I'm so surprised that Disney hasn't released some sort of statement directly to Aulani owners yet.  Even if they've not worked out or gotten approval for the changes they need to make, you would think that they would at least give the owners a heads-up that something is happening.  So far the only statements directly given to DVC owners is that Jim Lewis has been replaced, and there's not much in that statement to put Aulani owners on notice that they have reason to be much more concerned than other DVC owners.


----------



## heathpack (Aug 17, 2011)

SueDonJ said:


> That's what I'm reading on the disboards, that folks are wondering about BLT's MF especially because of some of the lower-quality fixtures they used and the re-design they had to do for some of the bathroom configurations.
> 
> Slowly word is getting out through different news media.  Last night one of Hawaii's TV news outlets had a report.  Interesting that in it they repeated what was said in one of the first reports and later retracted by a Disney official:
> 
> ...



Totally agree that Disney needs to say something to members, esp Aulani members.  I understand this is a real disaster for them, but they need to at least address it, if only to say "we are working on the long-term plan, we will be in touch soon."
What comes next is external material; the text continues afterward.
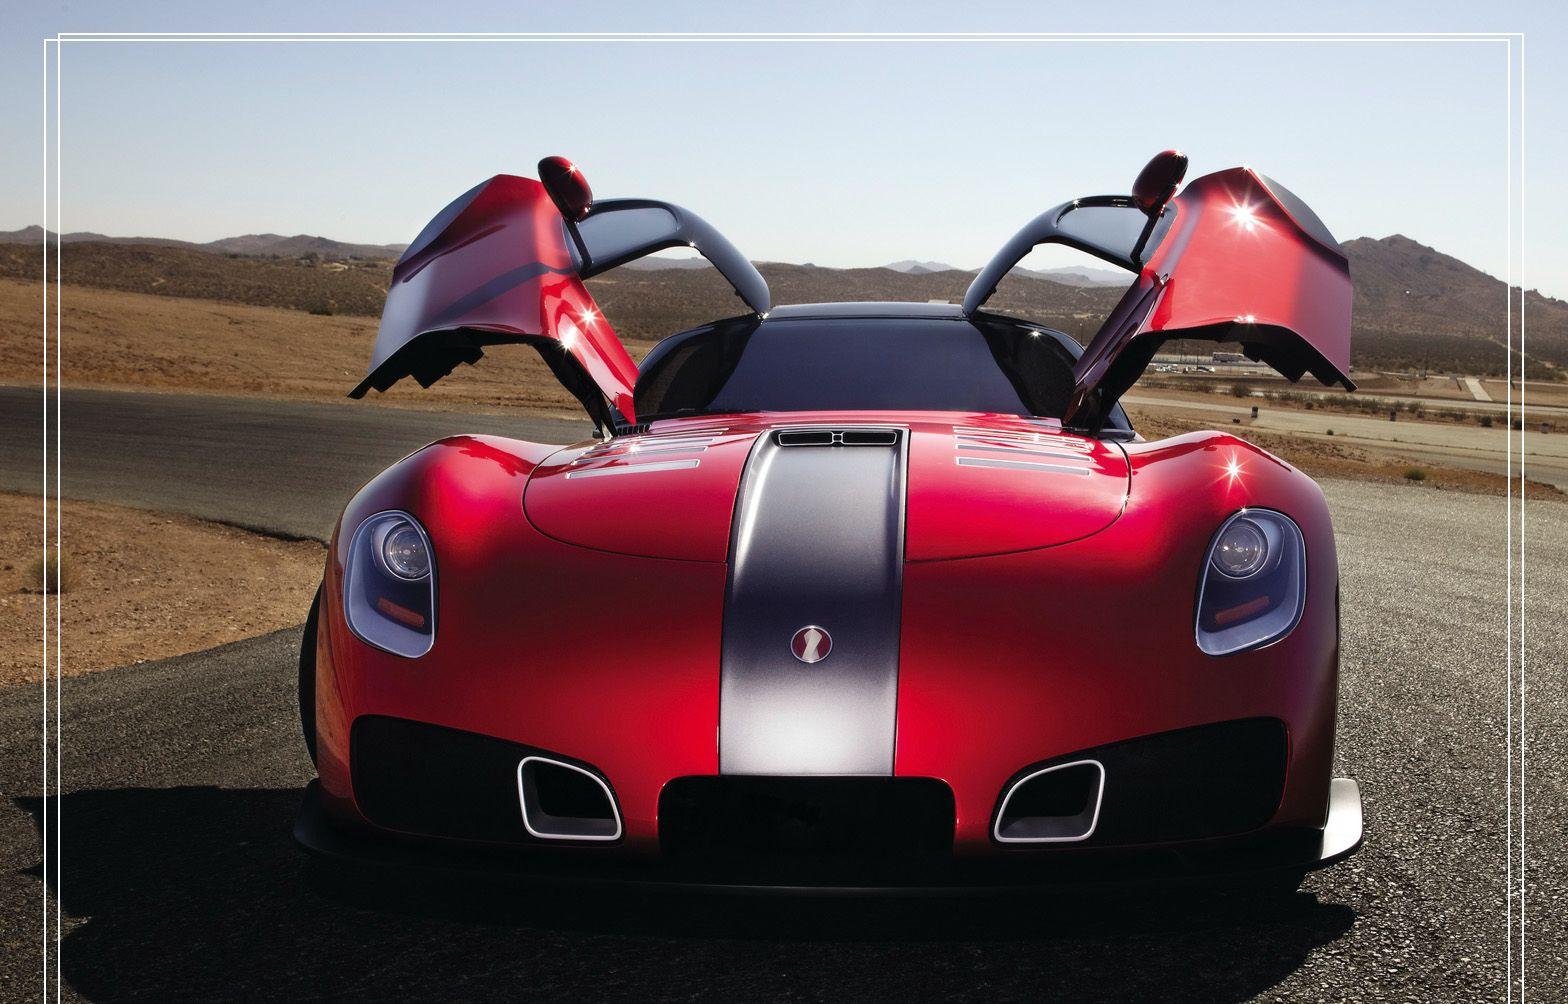 大图福利:超适合做壁纸的时尚车辆美图一览

They are already charging high buy-in prices for these units, and the points requirement mean that people must buy a lot of points to be able to stay at Aulani.  If the MF are now going to be wicked high, this will be a real deal breaker for many people.  To make buying Aulani attractive, I think they are going to HAVE to offer some blazing incentives to purchase-- something so good, people will forget about the MF for awhile.  Of course the problem for DVC is that their profit is in selling the units, not in collecting higher MF down the road.  IMO, they will just have to take a very big profit hit to get sales going again.  If sales just stall out because both purchase price and MF are too high, the project will be a disaster.  And this particular project has such huge implications as to the future direction of DVC-- it HAS to be a success or they will never build anywhere else.
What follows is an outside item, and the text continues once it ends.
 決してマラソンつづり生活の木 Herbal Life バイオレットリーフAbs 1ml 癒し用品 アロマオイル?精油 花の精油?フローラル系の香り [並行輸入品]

If DVC does not come out with some absolutely BLAZING purchase incentives as a result of this, IMO they deserve everything bad that happens as a result.  And thats coming from me, a DVC owner, who will undoubtedly be impacted as well if DVC suffers.

H


----------



## frank808 (Aug 18, 2011)

I am an owner at Aulani. Have not heard squat from DVC.  Only know whateveryone else has read and seen on tv.  I wonder if they will keep the dues at. $4.31 or subsidize them like v ero beach. I hope they stay the same.


----------



## SueDonJ (Aug 18, 2011)

frank808 said:


> I am an owner at Aulani. Have not heard squat from DVC.  Only know whateveryone else has read and seen on tv.  I wonder if they will keep the dues at. $4.31 or subsidize them like v ero beach. I hope they stay the same.



Yep, cannot believe that Aulani owners haven't gotten an official statement yet - it's been almost a week now!  How are the phone lines, have you had a reason to call in at all since the reports came out?  I'm asking because when Marriott introduced their new program last year, without any supporting guides other than the legal docs, folks called in by the thousands.  Or at least it seemed that way because the lines were busy for days on end.


----------



## Jay MA (Aug 24, 2011)

*Motley Fool on Aulani*

See 

http://www.fool.com/investing/gener...ii.aspx?source=ihpsitcag0000002&lidx=2#633285


for more info on Aulani's issues


----------



## bnoble (Aug 24, 2011)

Munarriz spends more time understanding the theme/amusement park business than he does hotel/resort/etc.  I'd take that article with a grain of salt.


----------